Extracted from millions of articles, the average size of a dataset is roughly 100GB and computed results amount to 1/3rd of the original dataset size at a minimum. All the cloud vendors provide amazing infrastructure for high volume storage at cheap rates. Computing once on an expensive high compute instance and pushing all the computed data to the cloud is an ideal situation for most companies and therefore cloud remains a popular choice for them. But for companies like ourselves that are still in the experimentation stage, have to throw away computed data and often start from scratch. We are therefore different from and more demanding than a traditional transactional cloud application where the application instances only come alive to query or update a limited set of results from/to a database instance. While quite not there yet but we are more like building Amazon Alexa on AWS, Bing Search on Azure or Google Search on Google App Engine and paying for each compute instance. Recent story of Dropbox moving off AWS is a good example on this front (http://www.wired.com/2016/03/epic-story-dropboxs-exodus-amazon-cloud-empire/).
Being a self-funded startup has been a blessing in disguise for us as it forces us to find the most efficient hardware and software combination possible to build an industrial strength enterprise search platform that we feel offers unique value proposition to our users. We experimented with all three major cloud vendors - Amazon AWS, Microsoft Azure and Google App Engine along the way. Even though each platform offers a variety of compute instances and software infrastructure components that potentially could help a third-party like ourselves optimize our costs and slim down our own software stack; being on a virtual instance on any of these platforms we never could accurately map our performance to physical characteristics of the underlying hardware CPU, GPU or RAM. So eventually we decided to build hardware of our own, ordering parts at a time from where else - Amazon Prime! In a couple of days, we had a custom PC ready with Intel Core i7-5820 Haswell 6 Core processor, 16GB RAM and a high performance liquid CPU cooler to keep our stuff literally cool! We added a second off the shelf (we literally lifted it off the shelf from a reuse store here in Seattle) older CPU i5-750 Quad Core processor to divvy up the workload. We have been pleasantly surprised as the table below show our results.

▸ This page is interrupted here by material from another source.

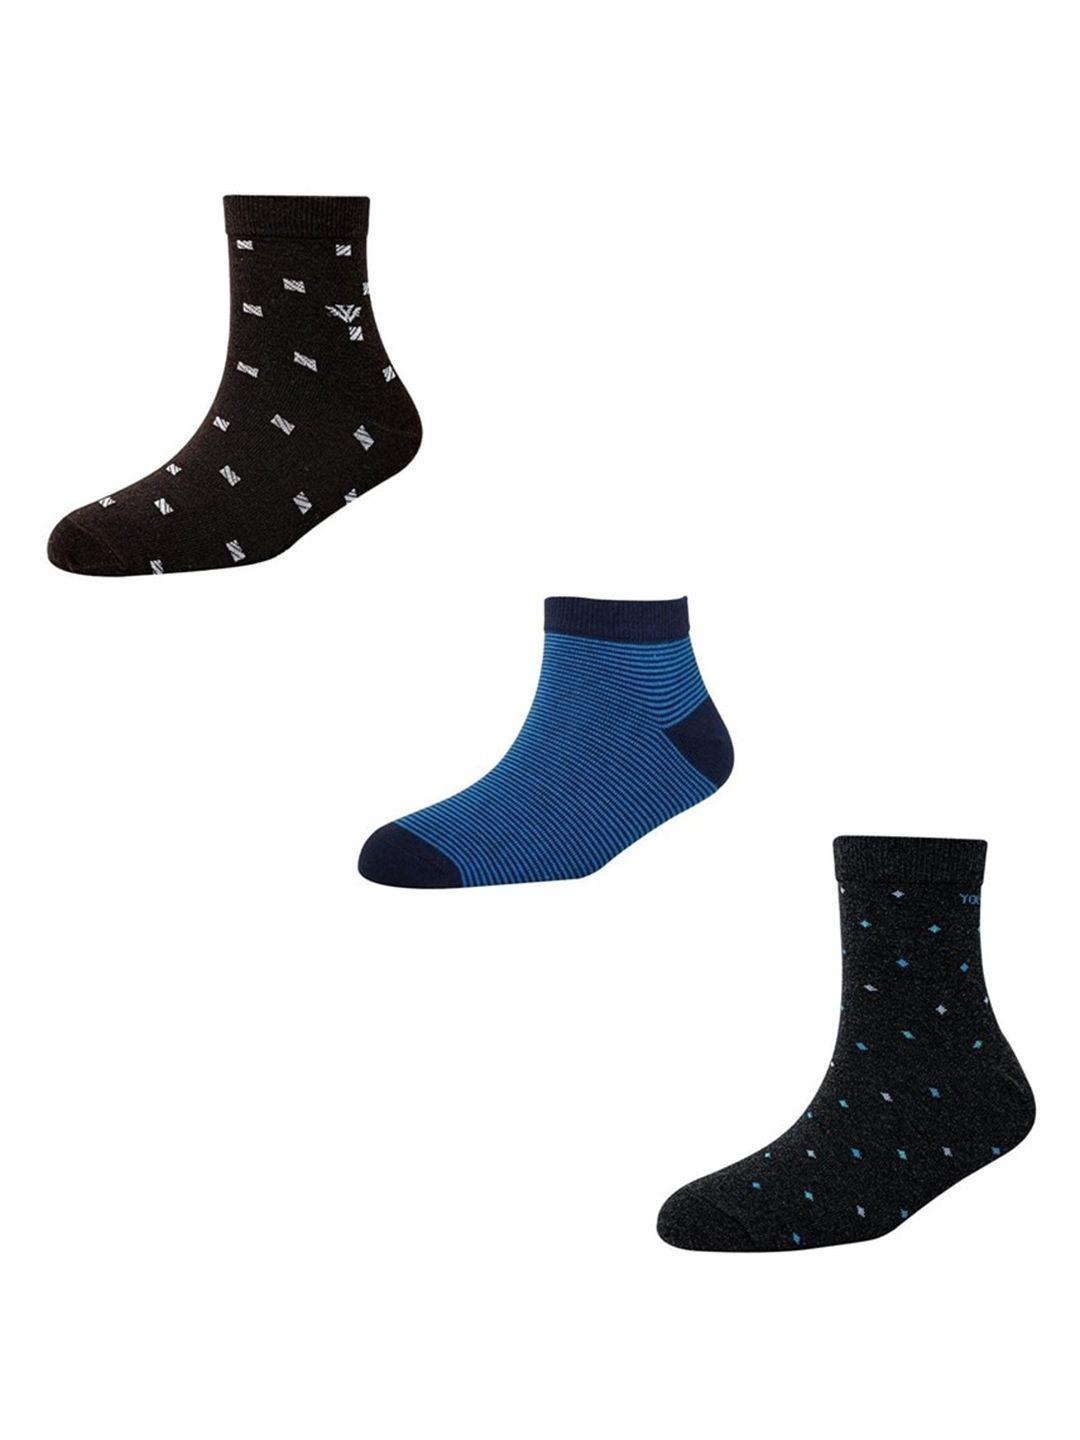 cotstyle men pack of 3 patterned ankle-length socks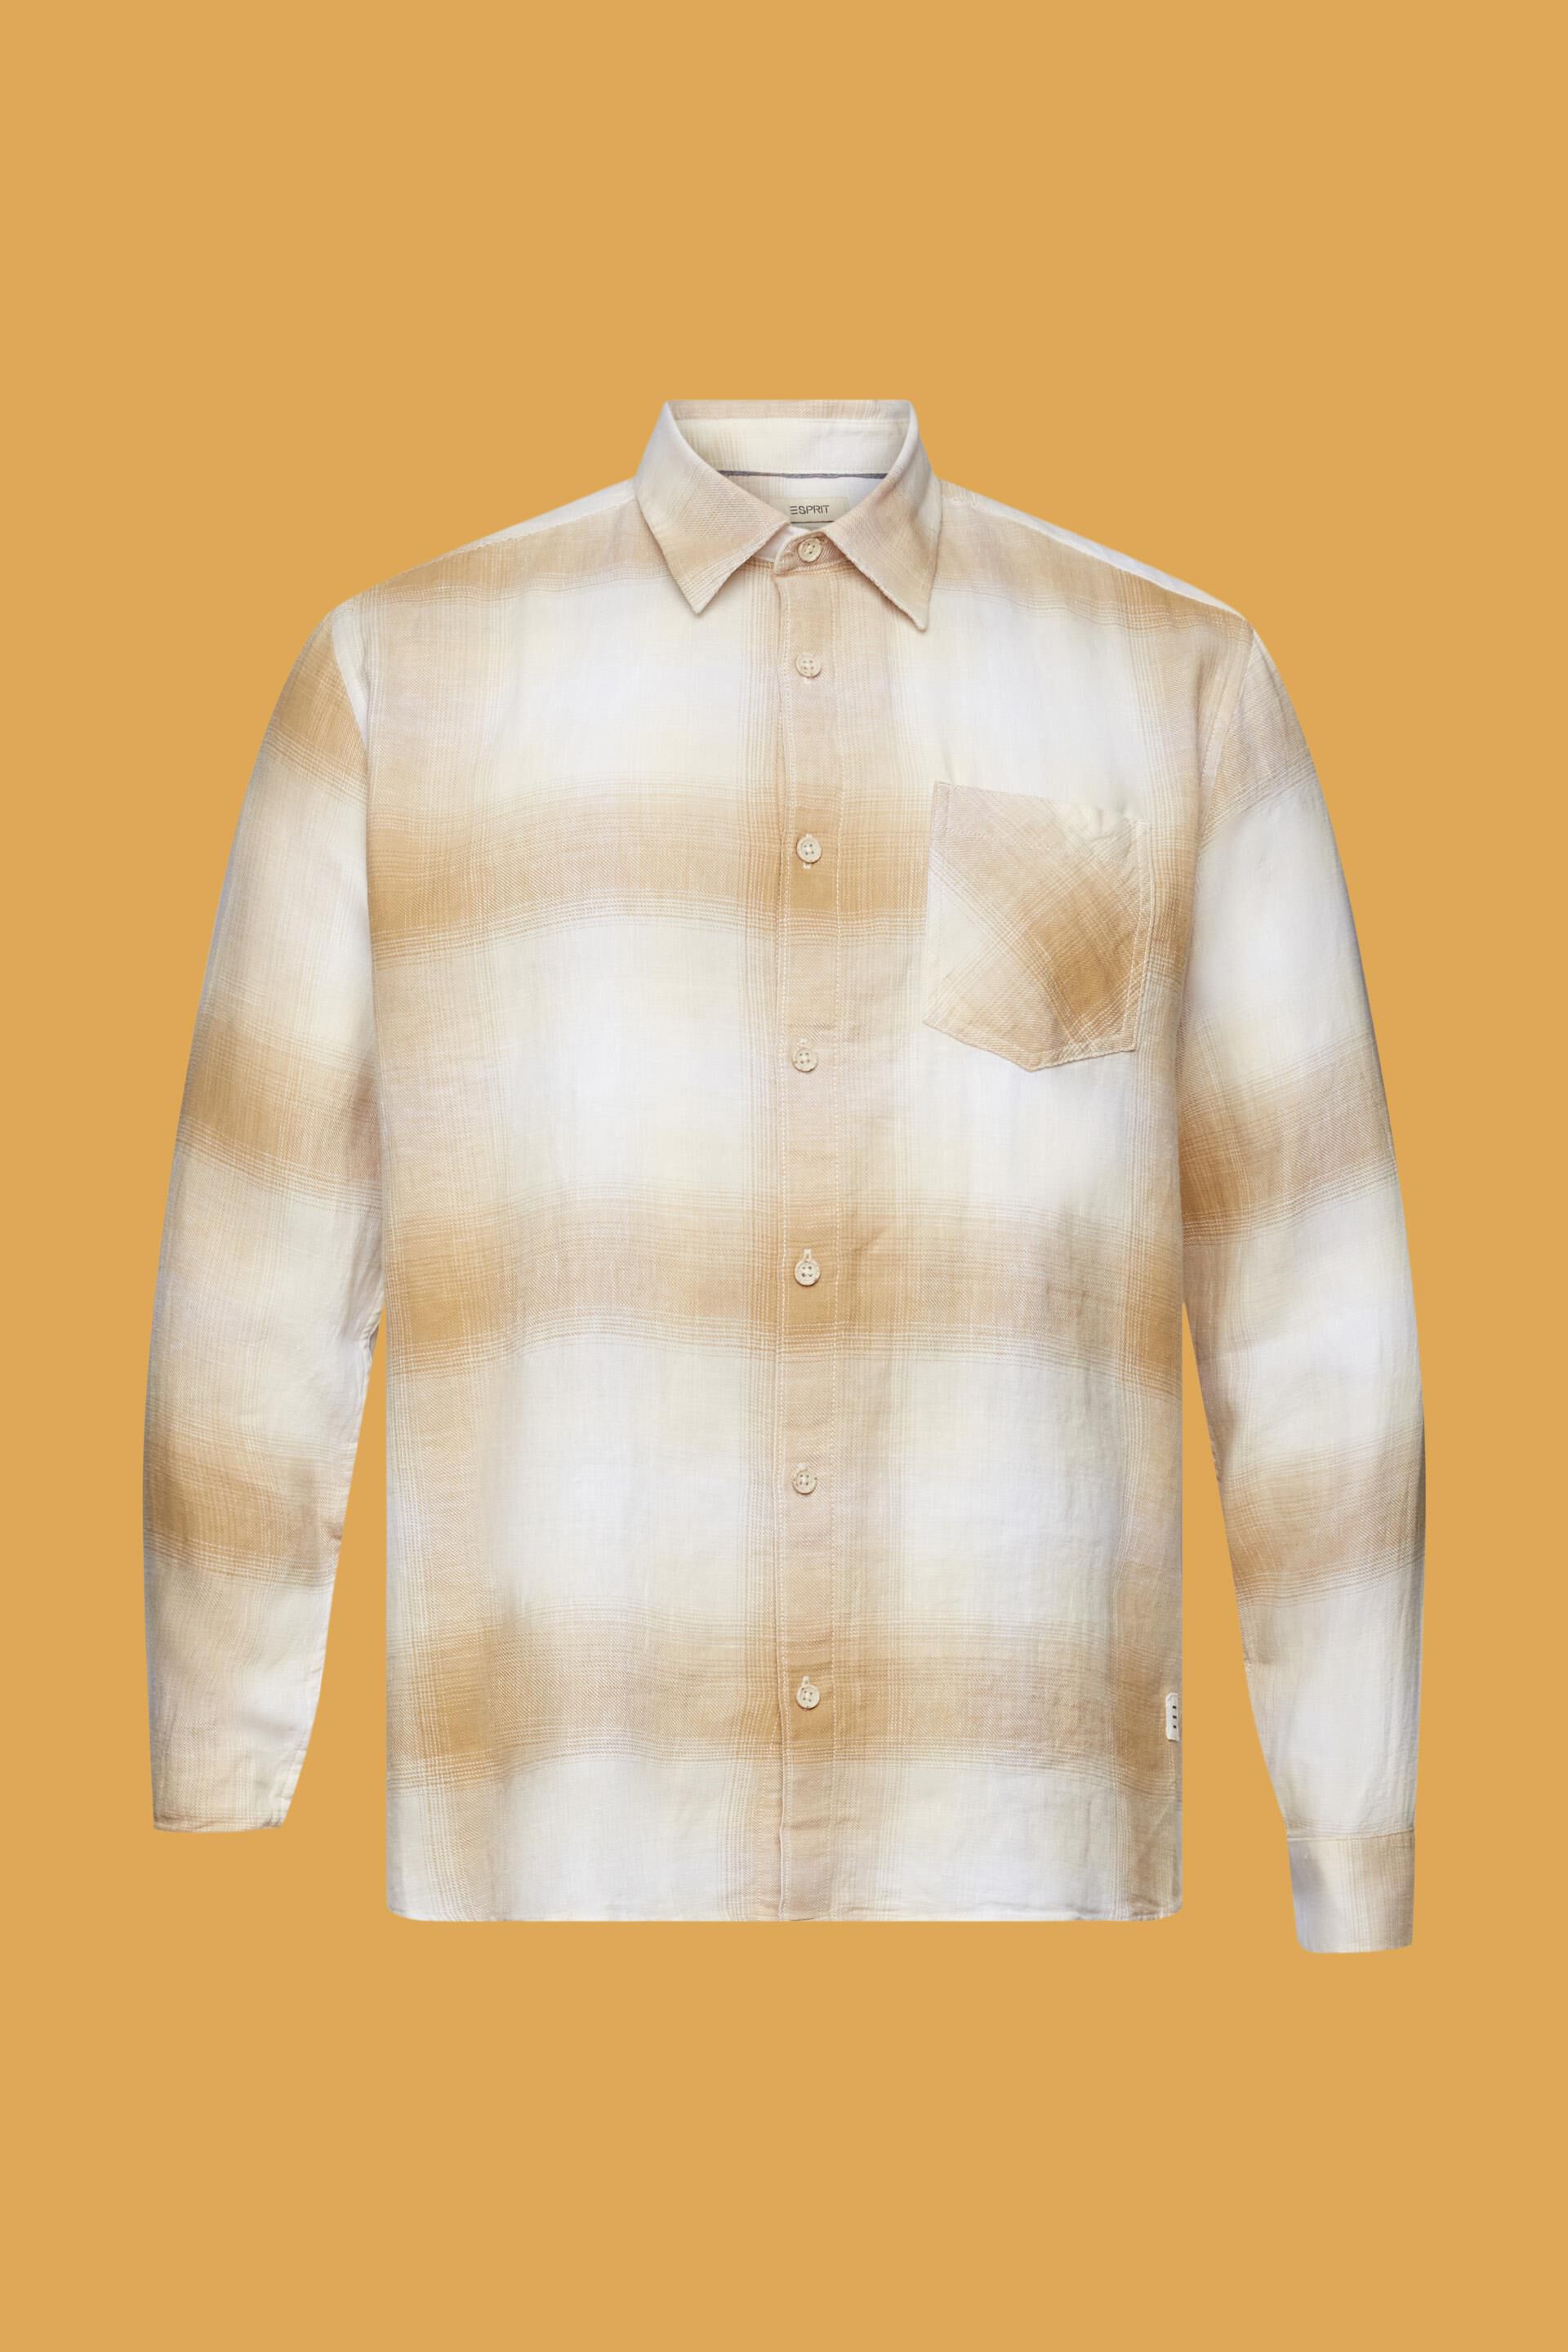 ESPRIT - Cotton and hemp blended checquered tartan shirt at our

Our machines have been operating continuously for past 3 months at full scale, while we honed our new algorithms to find more meaningful relations, dig deeper in our graphs and surface meaningful results. We believe we now have a good reference platform in place that allows us to experiment both on hardware (we are thinking of adding raspberry or banana-pi nodes next in the mix as low cost worker nodes for simple tasks such as crawling the web) and software (a bottomless list of ideas, requirements and feature requests) front. We also intend to leverage our hardware experiment as a reference platform that in future we could offer as a high performance compute instances.
Verdict on Cloud
Cloud is here to stay without a doubt. It offers ubiquitous access, resource consolidation, redundancy, scale and configurability at low cost. However, I believe business models currently on offer need to evolve to truly pass-on these savings to all customers. At present, I would say the model works really well for class of vendors where they can factor in their cloud costs as a fraction of their own service offering. Heroku is a great example in this sense. They offer a limited free instance that is based on Amazon's limited free instance but if a customer goes over, they add a premium over what Amazon charges them, generating that as their incremental revenue. For Enterprise customers, this is primarily a TCO (Total Cost of Ownership) question. If they factor in their own hardware purchase, data-center maintenance and staff costs and compare that against that of cloud subscriptions, they may find the right point where it may make sense for them to be on cloud versus maintaining their own data center or vice-versa. Finally, for companies (such as ourselves) where compute or storage requirements are mission critical and scale exponentially as number of users increase, unless there is a business model that offers pricing based on number of users or volume of data, they are better off charting their own course - precisely what Dropbox has just achieved.